**Exercise directions:** The job is to output each record exactly as it stands, pictures excluded.

· · · · · · ·

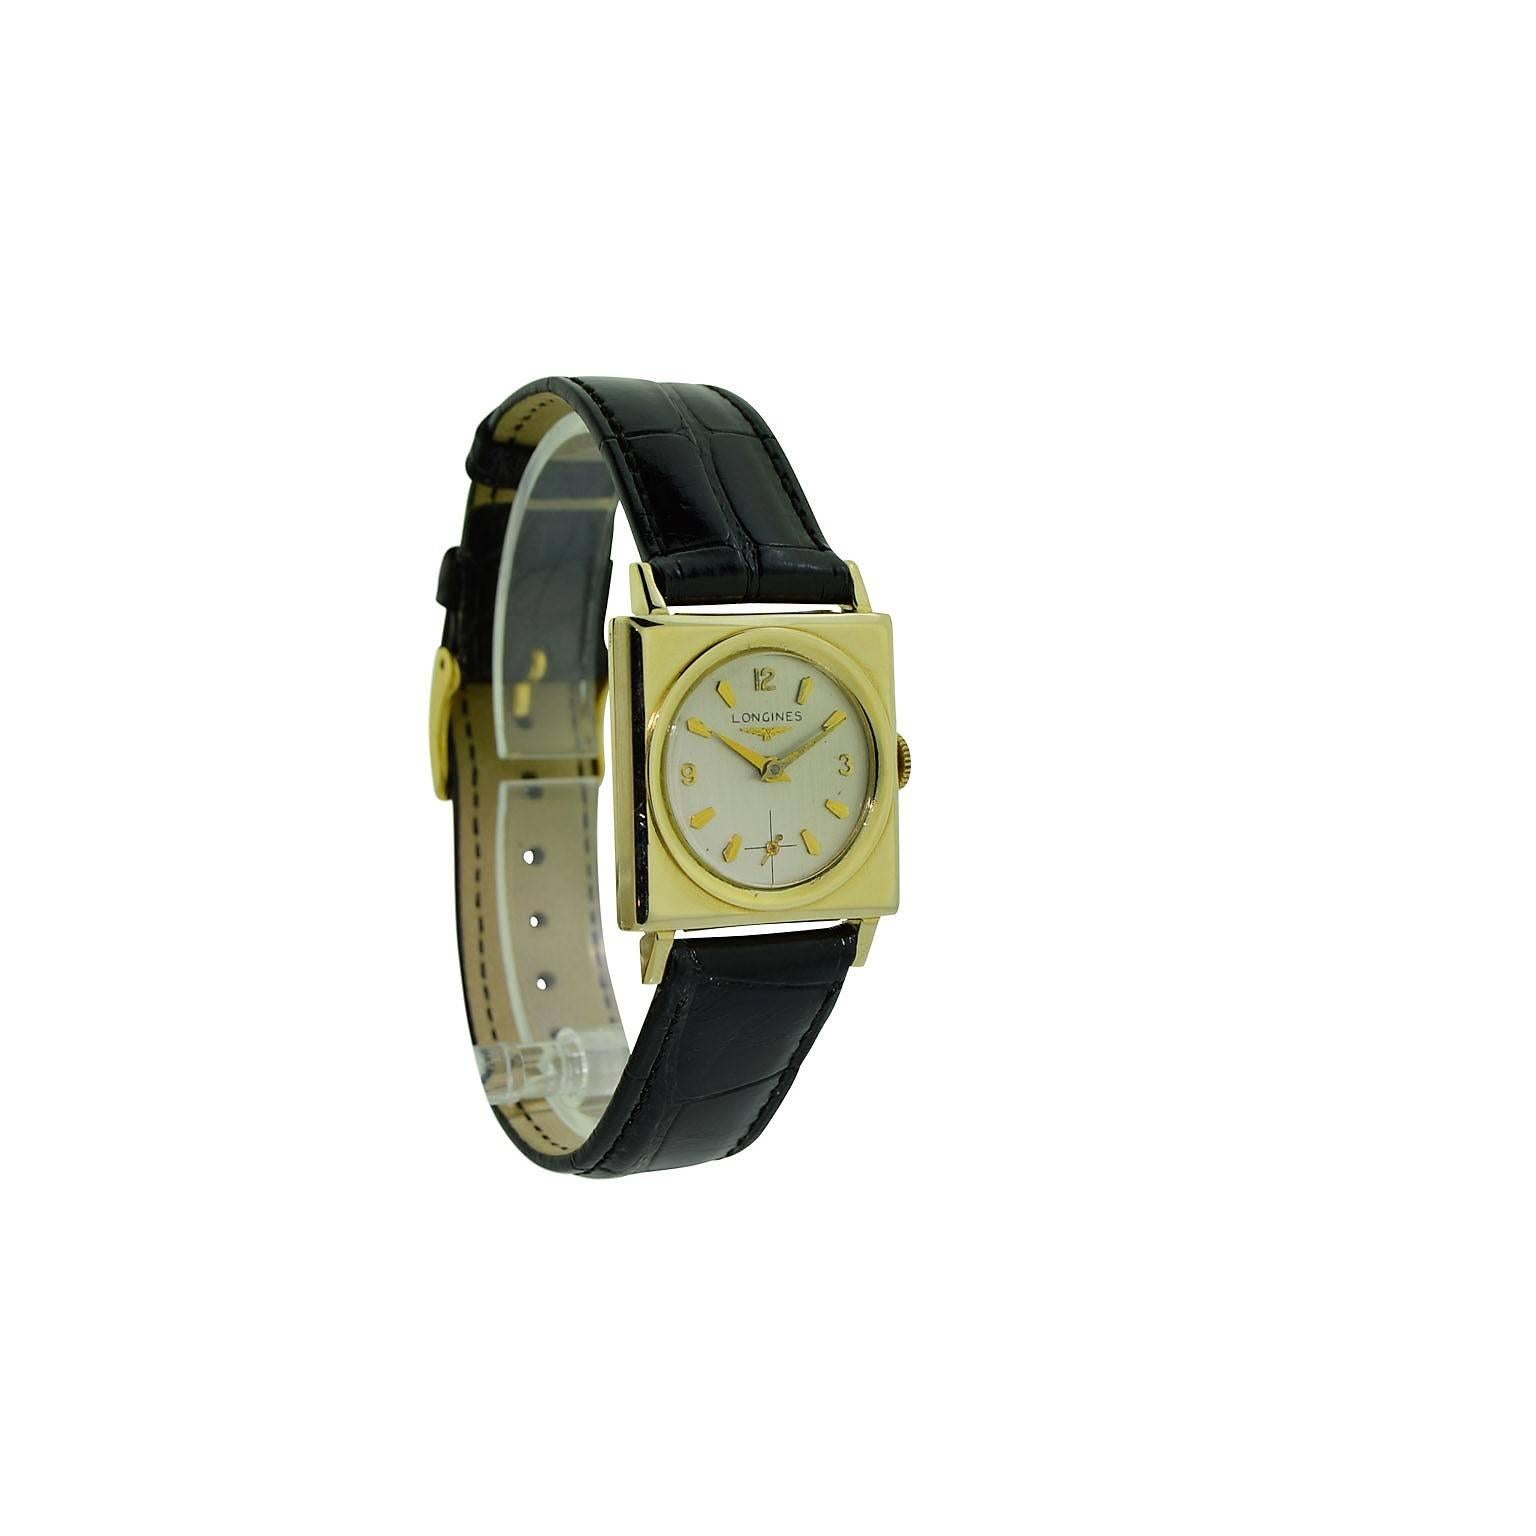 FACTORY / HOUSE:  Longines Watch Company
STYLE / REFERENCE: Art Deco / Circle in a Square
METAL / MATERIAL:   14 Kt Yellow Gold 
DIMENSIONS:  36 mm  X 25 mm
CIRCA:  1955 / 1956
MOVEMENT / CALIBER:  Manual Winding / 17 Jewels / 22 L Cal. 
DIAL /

· · · · · · ·

**Task result:**
 FACTORY / HOUSE:  Longines Watch Company
STYLE / REFERENCE: Art Deco / Circle in a Square
METAL / MATERIAL:   14 Kt Yellow Gold 
DIMENSIONS:  36 mm  X 25 mm
CIRCA:  1955 / 1956
MOVEMENT / CALIBER:  Manual Winding / 17 Jewels / 22 L Cal. 
DIAL /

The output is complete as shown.